The confluence of both events has elicited strong buying interest in the stock as the share price hit NGN200.00 on 9 November – the first time since the stock was listed by Introduction in May 2019. Since 5 November, when both announcements were made, MTNN shares have gained 8.2% after closing at NGN190.00 (17 November 2021). Beyond these idiosyncratic events, we still hold a long-term positive outlook on MTNN given its market leadership position, attractive industry dynamics and relatively less cyclicality. Based on our assessment of the likely impacts of the developments above, we believe the stock’s re-rating is justified.

Mobile Money is the next growth frontier for the telco industry: We understand that the recent approval from the apex bank will enable MTNN to put in place the necessary infrastructure to offer banking services such as acceptance of deposits, remittances, payment processing and mobile wallets. However, it is instructive to note that the AIP implies a six-month waiting period after which final approval will be given, provided all regulatory requirements are met. As things stand, it is difficult to reliably estimate the potential contribution of the PSB subsidiary to revenue, EBITDA and Free Cash Flow (FCF).

Nonetheless, we highlight that its fintech business (an abridged version of the PSB subsidiary) contributed 4.2% to revenue as of 9M-21. Regulatory data from Kenya, Tanzania and Ghana suggest that the market leader in the voice market is also the market leader in the mobile money space.
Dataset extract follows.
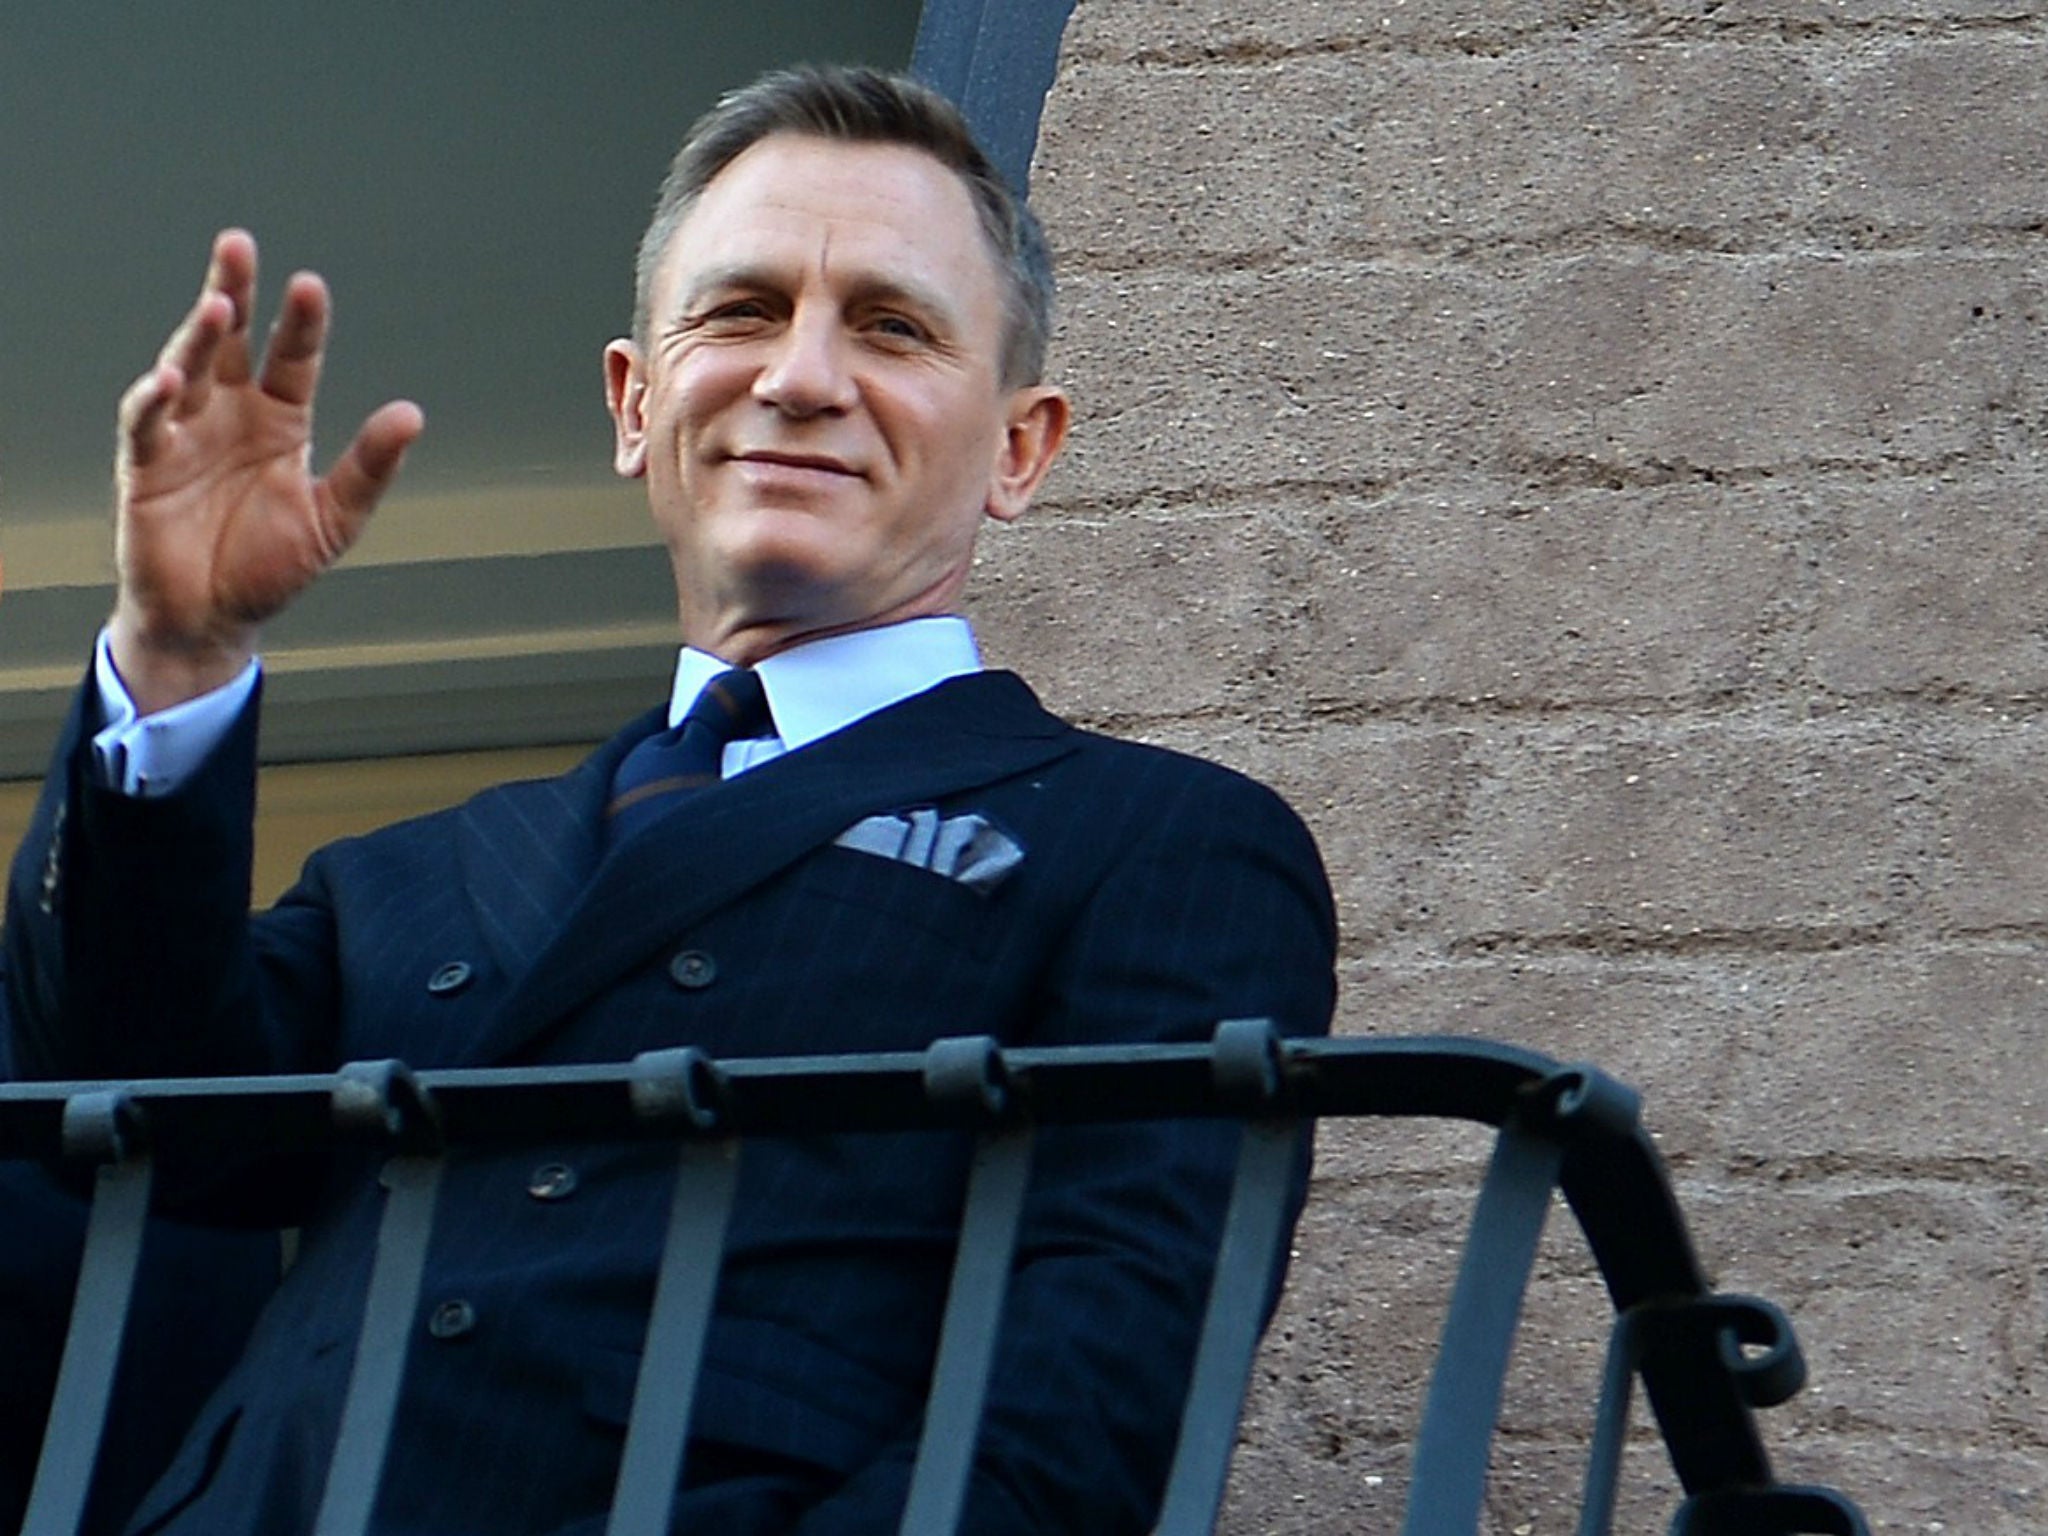 Daniel Craig is staying cagey about whether or not he plans to play James Bond again

This is because the size of the subscriber base provides leverage for dominance. 

Accordingly, we believe this suggests that MTNN will likely dominate the mobile money space ahead of the final approval to launch (MTNN is the voice leader with a 38.6% market share as of September 2021, according to NCC data). With Airtel’s mobile money business contributing 11.4% to revenue (as of H1-21), we see scope for increased contribution from MTNN’s fintech business from the current level of 4.2%.

What’s in Store on the Offer for Sale: Based on the company’s publication, the MTN Group (parent entity) will sell 575 million shares via a book-building process to institutional investors and a fixed price to retail investors.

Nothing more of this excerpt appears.